Aurora Stolp Island, Aurora, Illinois. (Photo: Wikimedia Commons)

3. Aurora, Ill.

% of Revenue: 16.4

Population: 171,000

The state and its biggest city (see No. 2 on our list) are facing major pension funding problems, but politicians, so far, have not found a way to strike a deal to fix it.

Buckingham Fountain, Chicago, Illinois.

2. Chicago

% of Revenue: 17

Population: 2.8 million

The city’s mayor, Rahm Emanuel, has sounded the alarm about the city’s pension crisis, saying the state needs to act first on its own troubles. So far, his pleas have fallen on deaf ears.

Night skyline of Little Rock, Arkansas.

1. Little Rock, Ark.

% of Revenue: 17.6

Population: 187,000

The city has instituted a new retirement plan that goes into effect in January. Beginning then, employees who retire will receive monthly benefits checks. Current retirees received a lump sum payment when they ended their city service.

Now see which cities have the lowest, or best, percentage of pension liabilities to tax revenue:

11 BEST CITIES

Downtown Charlotte, N.C.

10 (tie). Charlotte, N.C.

% of Revenue: 2.2

Population: 671,000

Charlotte has escaped the problem of the state. North Carolina, in a bid to increase its pension fund, is increasing its investments in real estate and private equity to try to ease an $800 billion gap in funding liabilities.

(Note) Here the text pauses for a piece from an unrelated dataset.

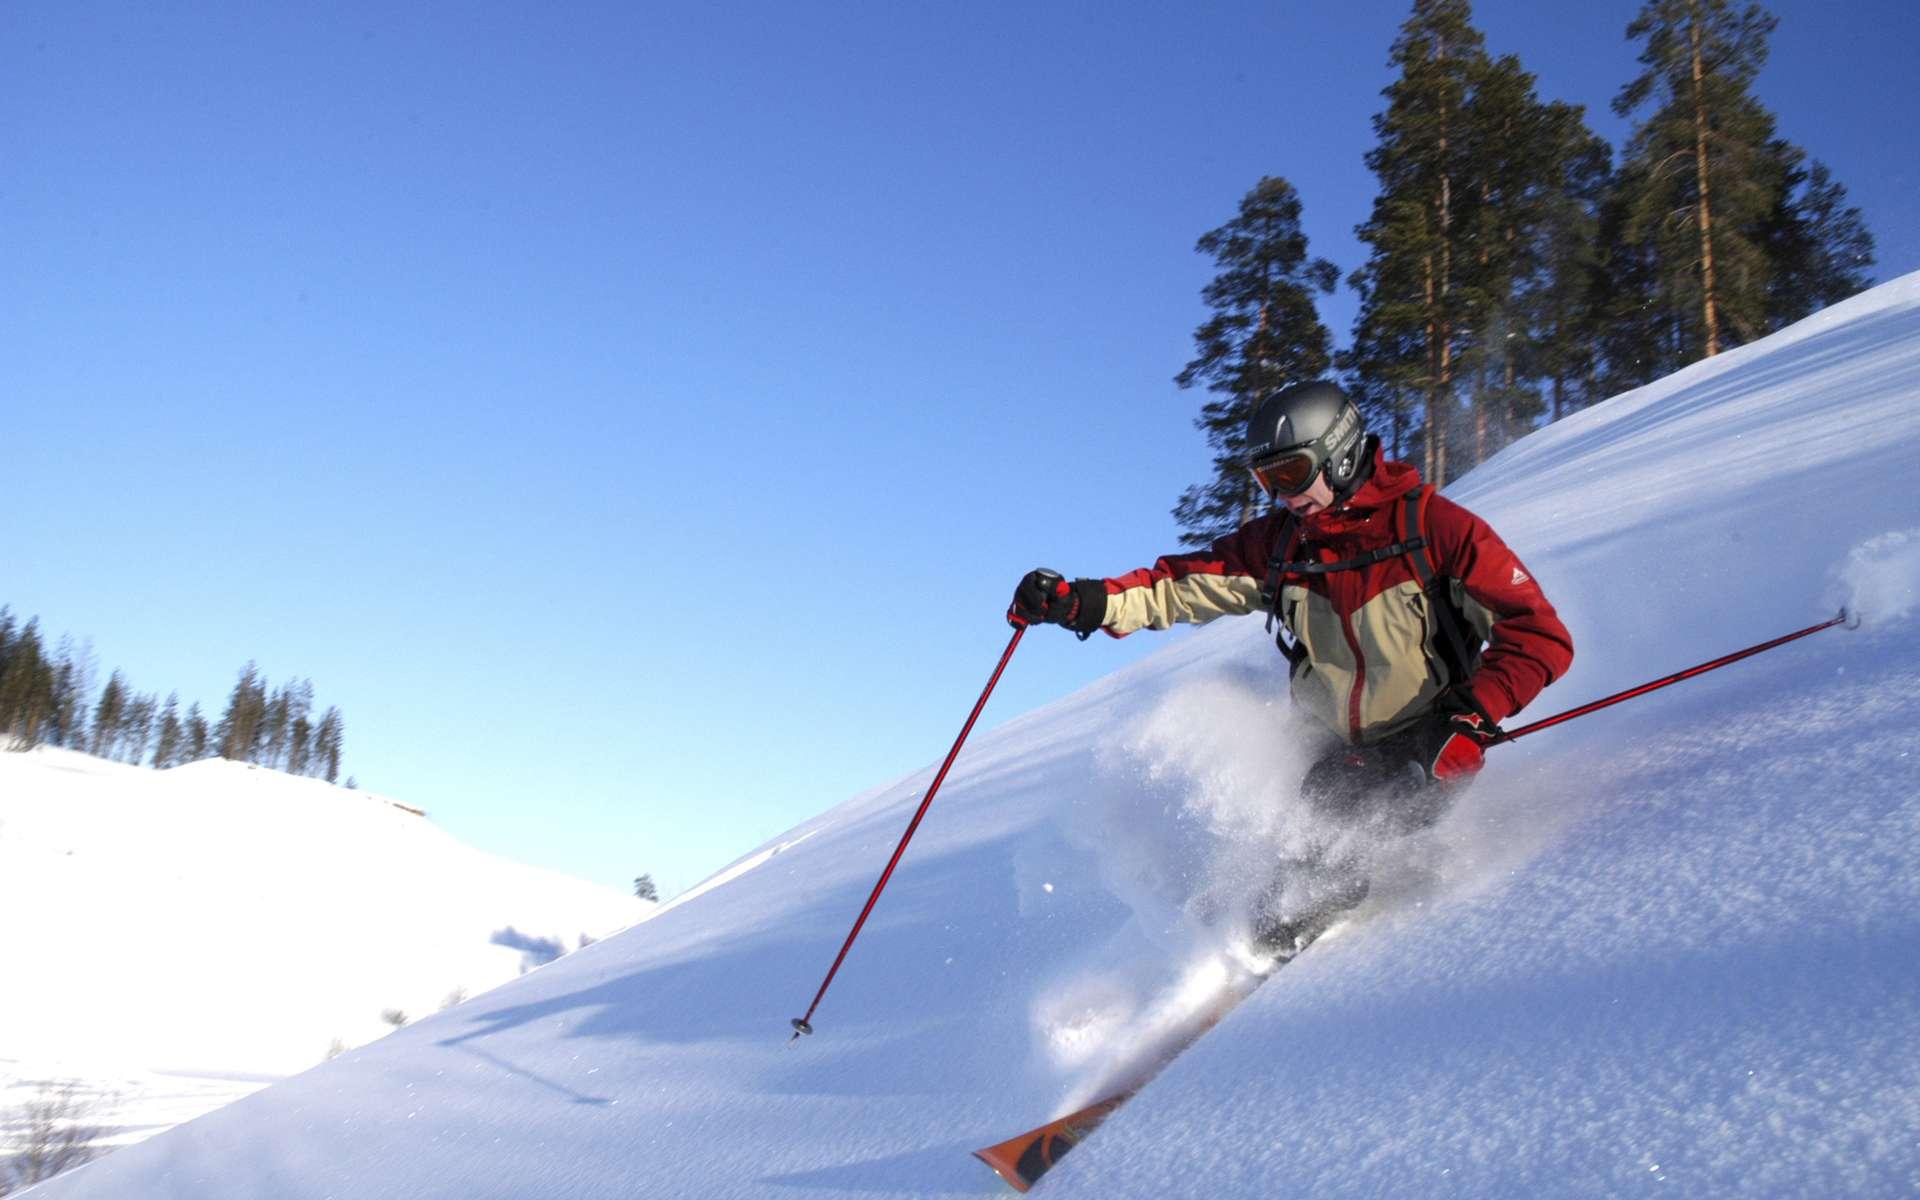 Les skis profitent des performances des matériaux composites à matrice organique. © Visit Finland, Flickr, CC by-nc 2.0
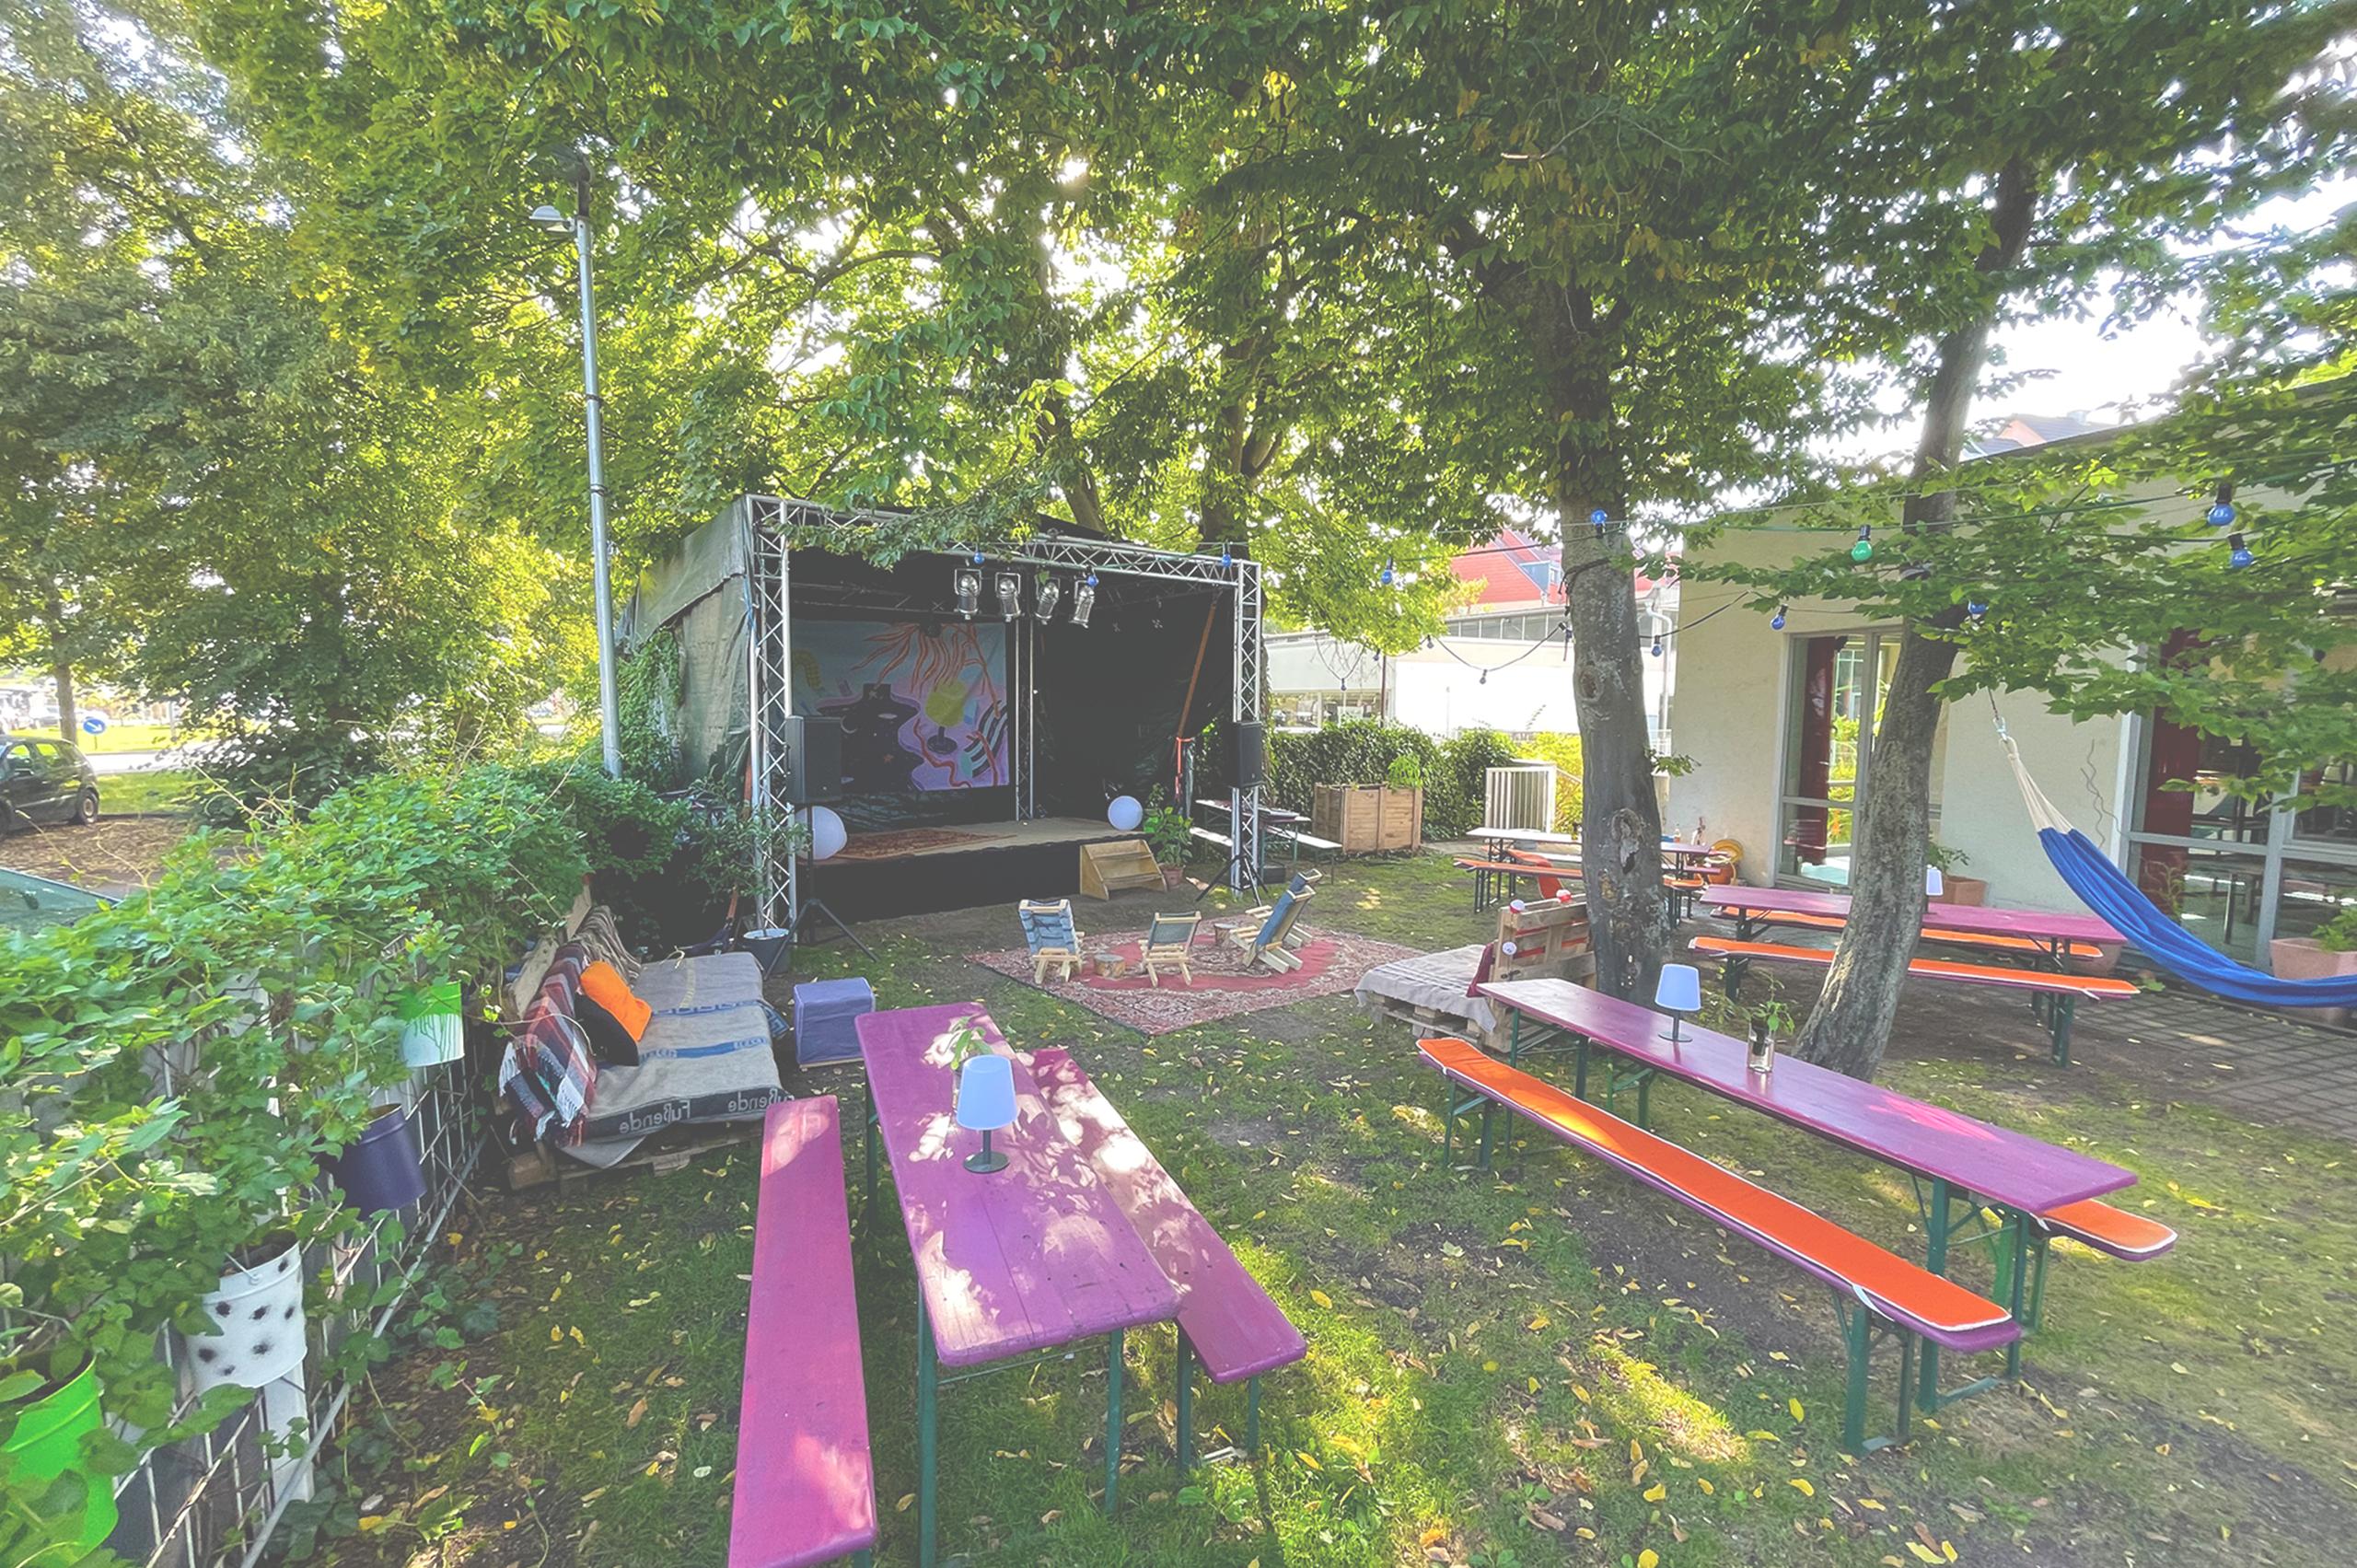 Foto vom Biergarten mit Außenbühne, Sitzgelegenheiten aus Palleten und Biertischgarnituren. An der Seite hängt eine Hängematte.

10 (tie). Greenwich, Conn.

% of Revenue: 2.2

Population: 62,000

This iconic enclave of the rich and famous on Connecticut’s Gold Coast has managed to take care of its public pension business.

 Market Street Bridge and Coolidge Park in Chattanooga, Tenn.

8 (tie). Chattanooga, Tenn.

% of Revenue: 2.1

Population: 170,000

Despite facing shortfalls in its police and fire pension funds, the health of the city’s overall retirement fund is excellent.

8 (tie). Montpelier, Vt.

% of Revenue: 2.1

Population: 7,800

While many carp at the inability of state lawmakers to deal with pension problems, the capital city’s funds are doing just fine.

Old Capitol building in Dover, Del.

7. Dover, Del.

% of Revenue: 2

Population: 36,000

Home to DuPont chemical corporation, the small city has kept abreast of payments to its public pension system.

Knoxville, Tenn., skyline and Sunsphere.

6. Knoxville, Tenn.

% of Revenue: 1.9

Population: 183,000

Skyline of Milwaukee.

4. (tie) Milwaukee

% of Revenue: 1.7

Population: 602,000

The city has consistently made its pension fund payments, something many cash-strapped municipalities failed to do when deciding where to cut budgets. Milwaukee’s 12,000 retirees can breath a sigh of relief.

4 (tie). Cheyenne, Wyo.

% of Revenue: 1.7

Population: 55,000

The city’s pension system is 92% funded. The state’s pension fund is only slightly less funded at 89%.

Deering Oaks Park in Portland, Maine.

3. Portland, Maine

% of Revenue: 1.6

Population: 63,000

Portland has been making its full pension contributions and its fund is 73%, mirroring the state’s percentage.

Capitol in Lincoln, Neb.

2. Lincoln, Neb.

% of Revenue: 1.1

Population: 248,000

Lincoln might be know for its University of Nebraska football team, but its residents can be thankful that a low percentage of the city’s revenues are used for pension obligations.

The Interstate Bridge over the Columbia River leading into Vancouver, Wash.

1. Vancouver, Wash.

% of Revenue: 1

Population: 161,000

A study by the Seattle Times suggested the state’s pension system, generally considered to be in good shape, was not in as good a shape as reported, but Vancouver still comes out as the best when compared to city revenue.